> TASK DESCRIPTION
Only the pictures are to be left out; return the rest of the data exactly as it stands.

> SUPPLIED MATERIAL
++++++++

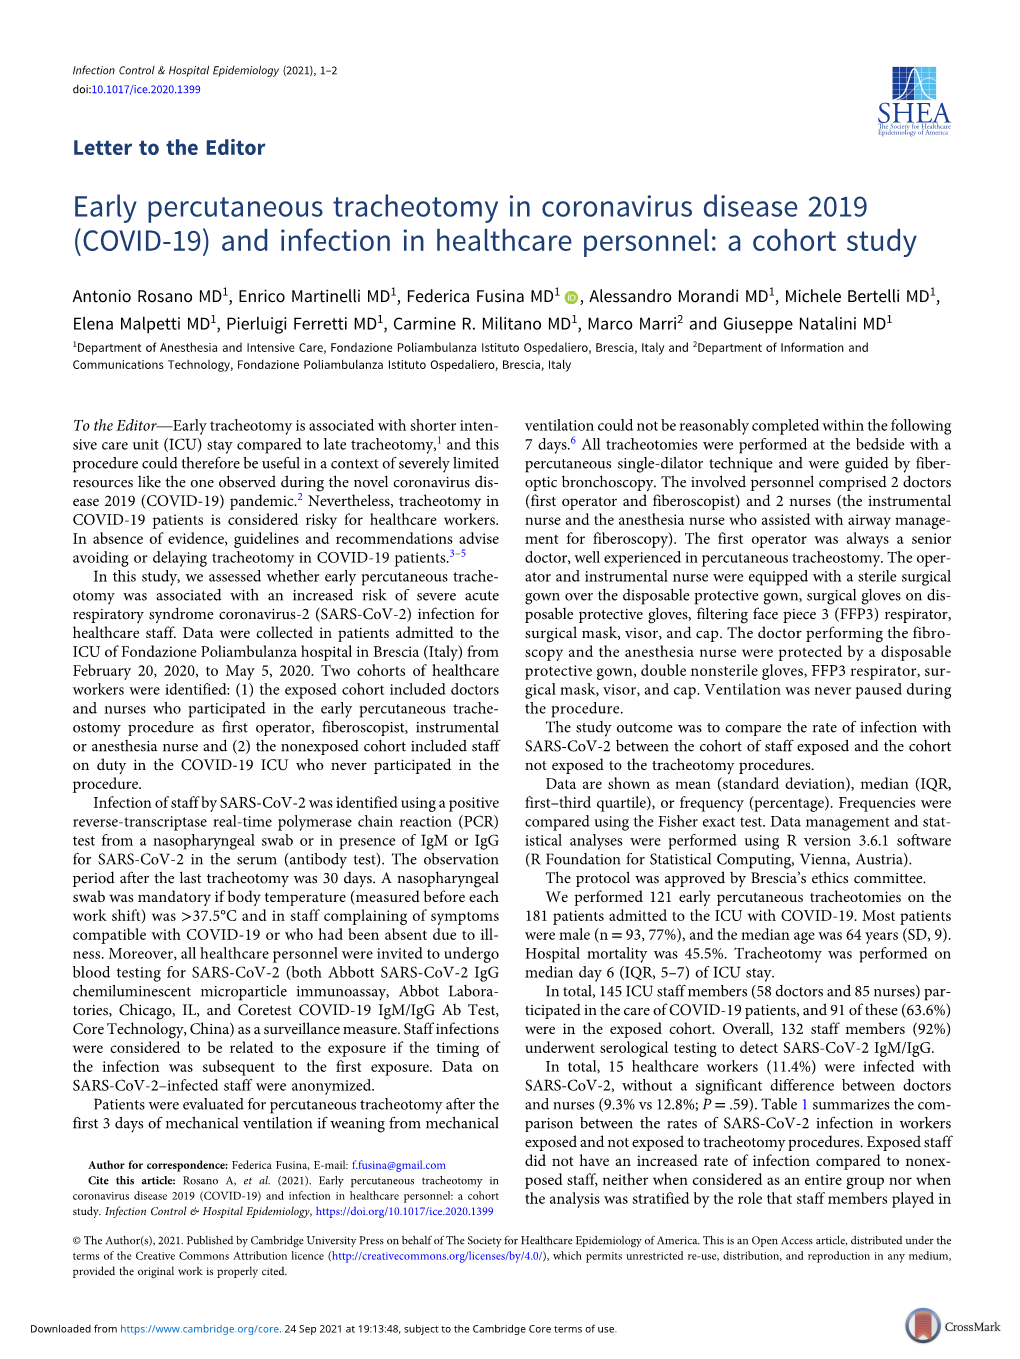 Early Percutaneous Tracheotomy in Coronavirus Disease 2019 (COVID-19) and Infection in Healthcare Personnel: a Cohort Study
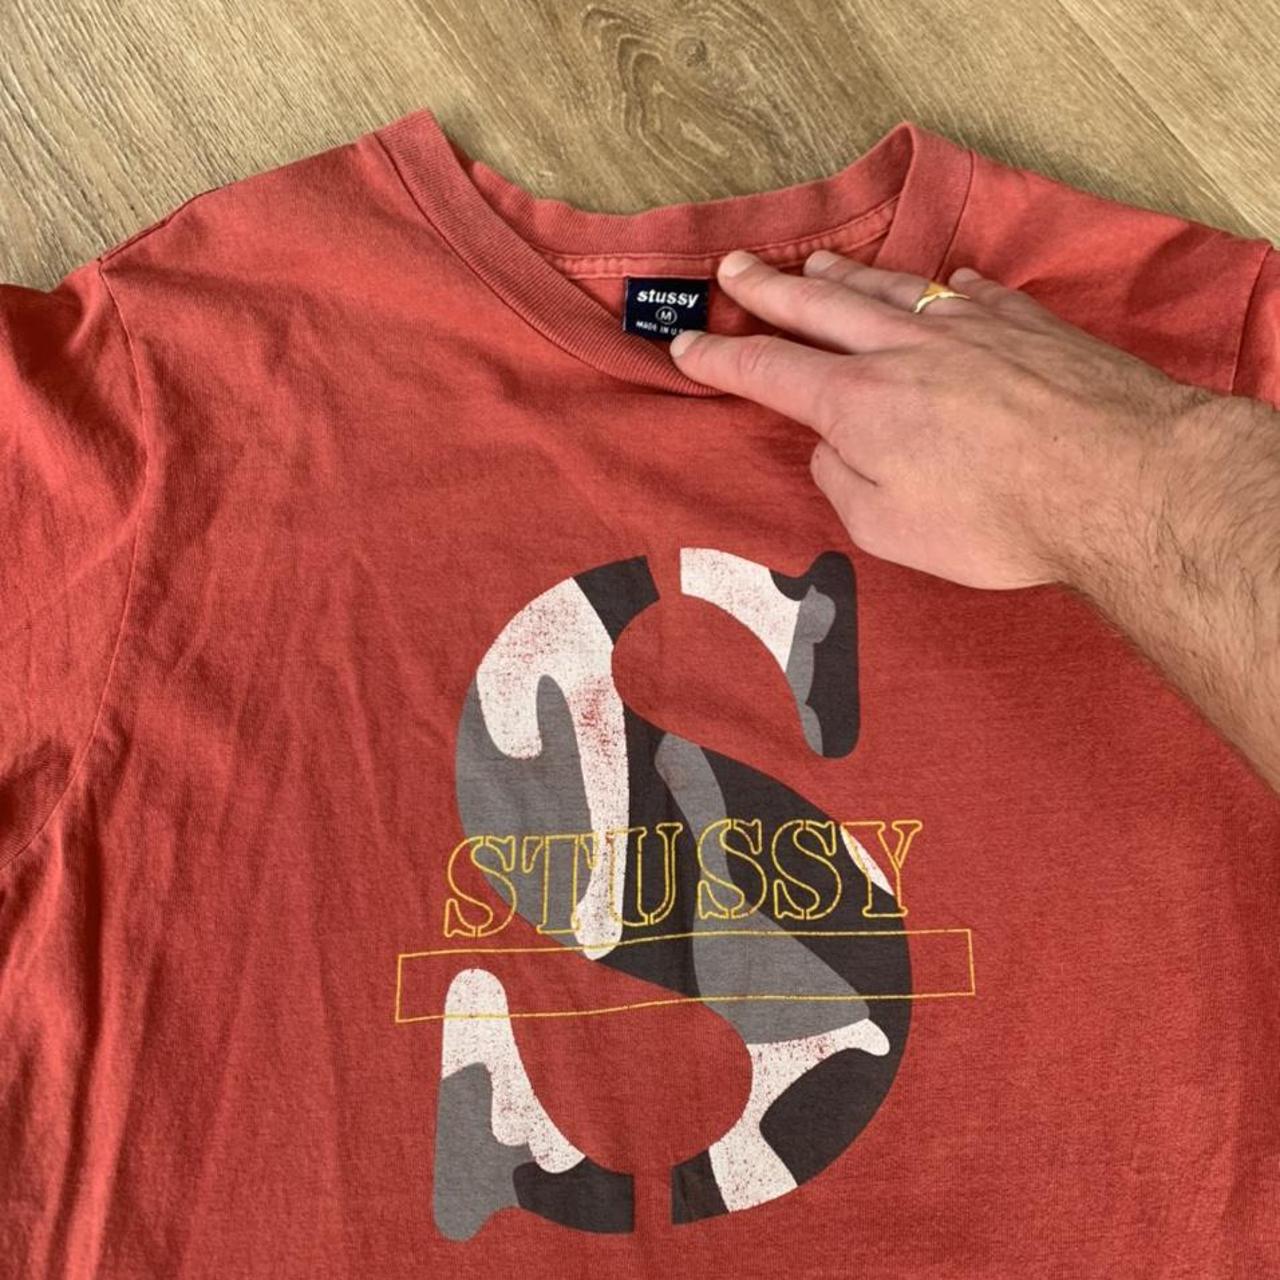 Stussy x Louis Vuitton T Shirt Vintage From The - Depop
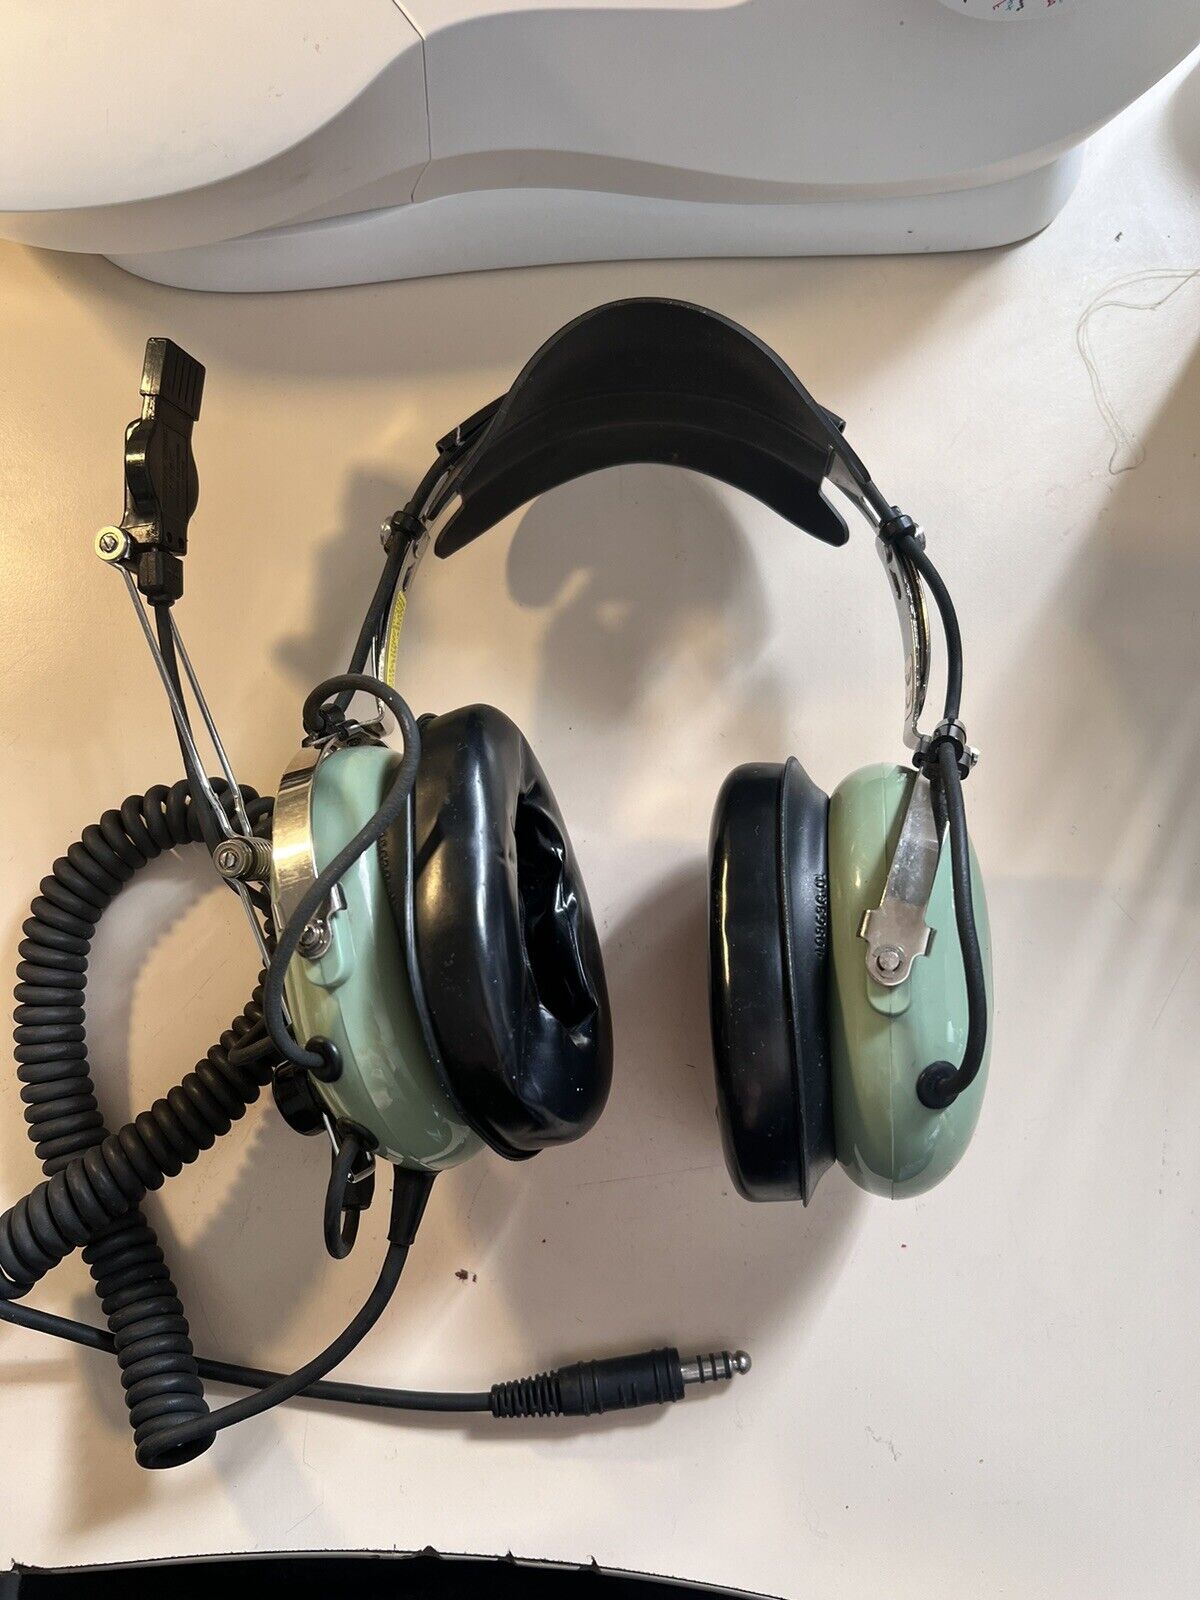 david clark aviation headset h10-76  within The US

++++++++

> RESPONSE
 Early Percutaneous Tracheotomy in Coronavirus Disease 2019 (COVID-19) and Infection in Healthcare Personnel: a Cohort Study
 Stussy x Louis Vuitton T Shirt Vintage From The - Depop
 david clark aviation headset h10-76  within The US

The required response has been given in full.